His fingers intertwined with hers.

And his body! He was hung. She’d never been with a guy like that, had barely believed April when she told her men of such size existed, like unicorns or Sasquatch.

And the man had stamina. They’d had sex four times in the night, the intimacy of being woken from sleep by sexy kisses and erotic touches still at the forefront of her mind.

Definitely not easy to forget.

The lawyer moved forward to question a potential juror and she snapped back to the present, but it wasn’t long before voir dire turned to quiet consideration and her mind was right back in Logan’s bed.

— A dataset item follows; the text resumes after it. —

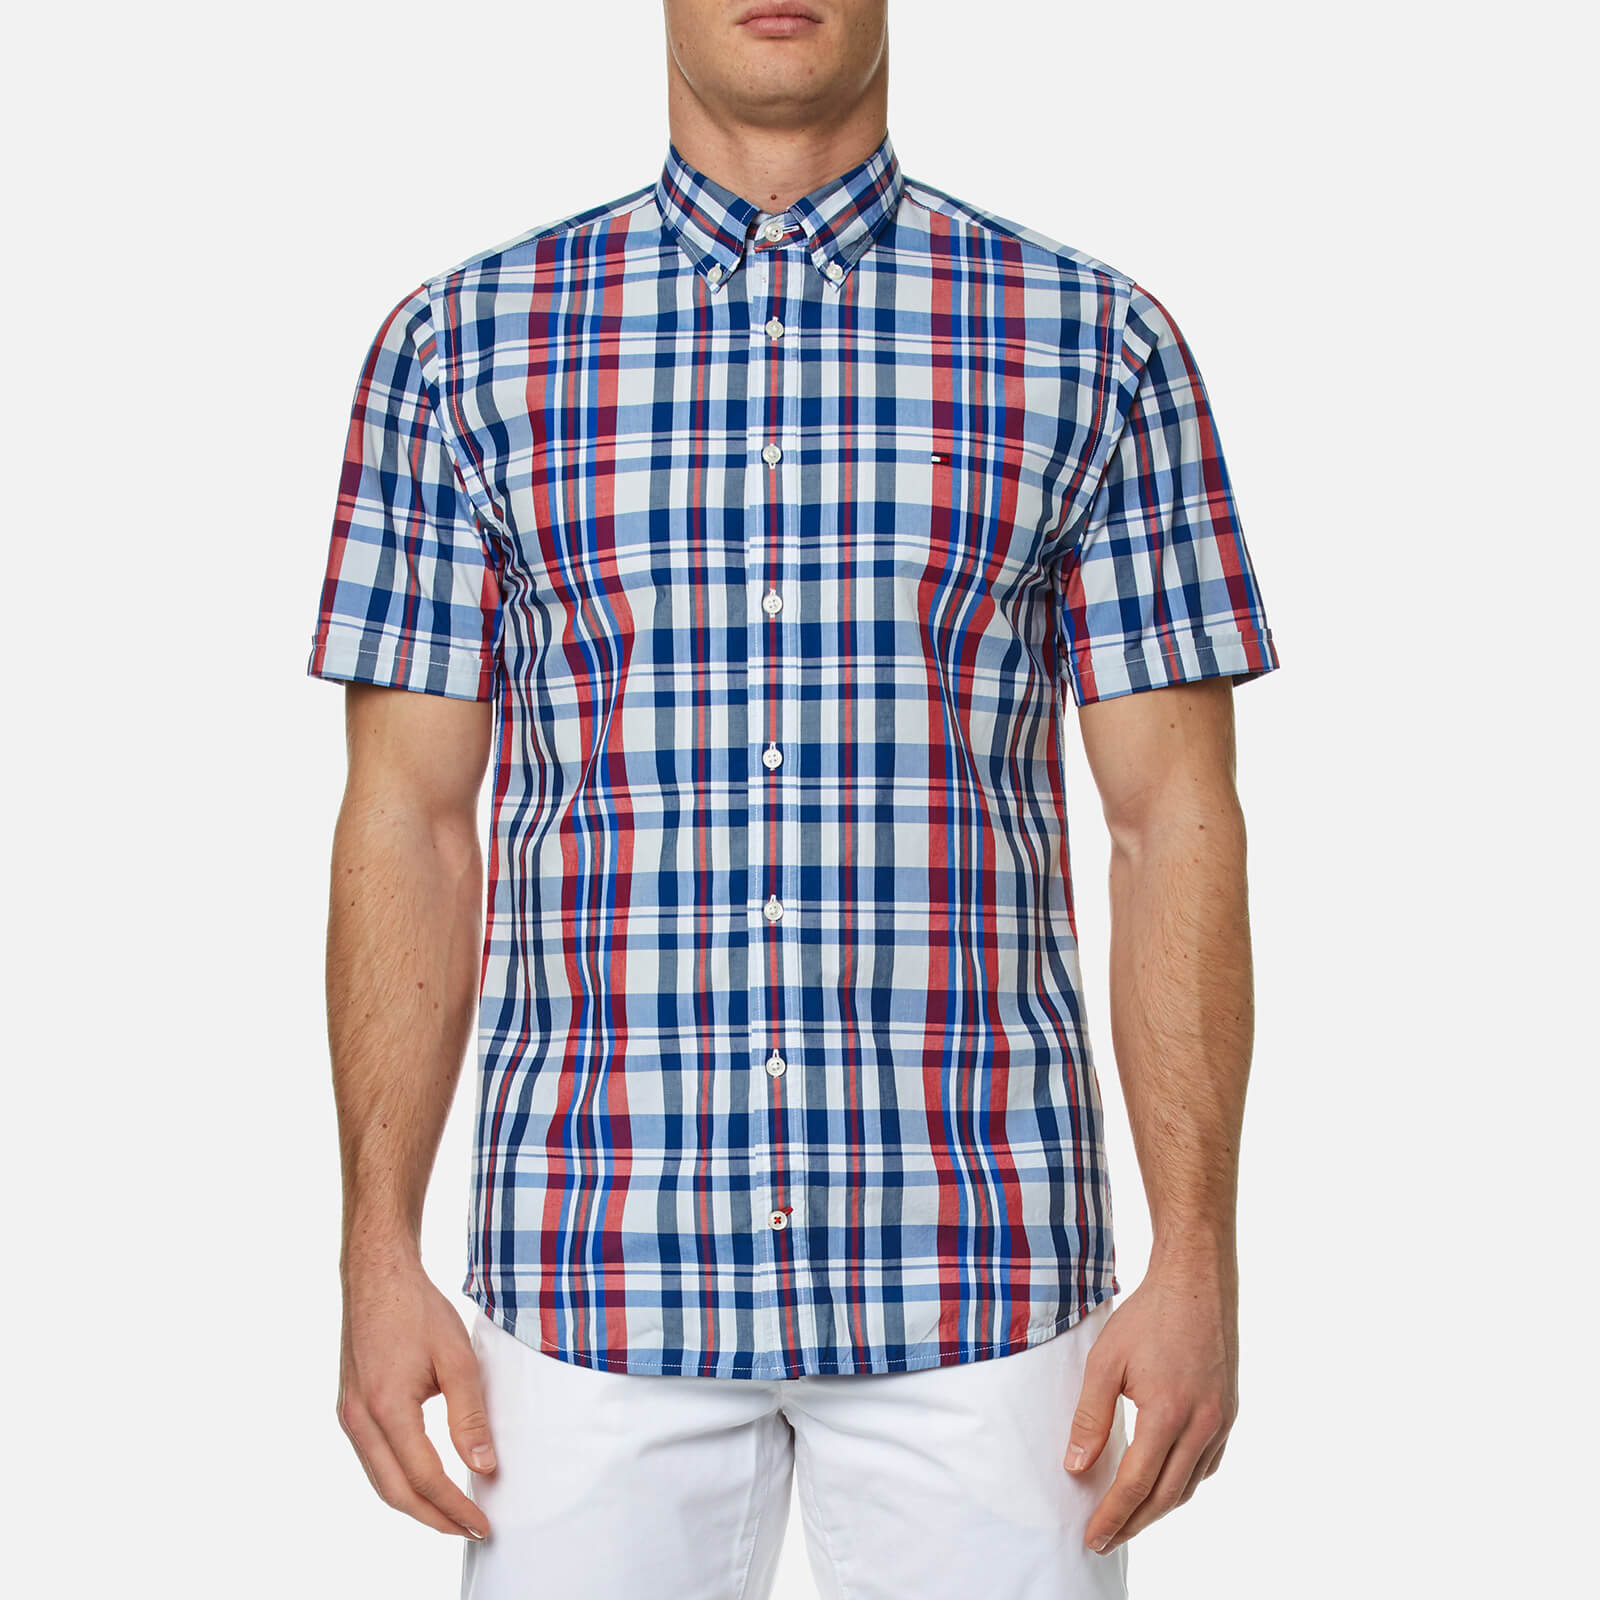 d1432617 Tommy Hilfiger Men's Lester Check Short Sleeve Shirt - Blue/Apple Red - Free  UK Delivery over £50

Man, how old is he, anyway?

That might be a question she really didn’t need answered. He looked about thirty. If that estimate was right, she was a solid fifteen years older than him. Hell, if this were Teen Mom she could be his mother.

She still had that thought in her mind several hours later after she’d adjourned the case for the night and finished some work in her chambers before heading home, exhausted.

It was dusk by the time she got off the bus near her house and started the three-block walk to her door.

The evening air was warm and humid, a breeze carrying the smell of barbecue and flowers.

For the first time all day, her mind was finally free of the buzzards that had been haunting her consciousness since she awoke.

A noise behind her and she turned, relieved to see it was just a jogger. Her neighborhood was pretty safe, but she was always conscious of the inherent dangers of a woman walking alone at night.

She moved to the side as he approached, when suddenly she was knocked hard to the ground, the man on top of her and the foul stink of body odor all around.

“What are you doing?” she exclaimed. She twisted her head in an attempt to see him, but only caught part of a plastic mask.

Oh my God.

The man’s voice was a harsh whisper in her ear. “You listen to me, Judge Faraday. If you ever want to see Anthony Royce alive again, you will do exactly what I tell you.”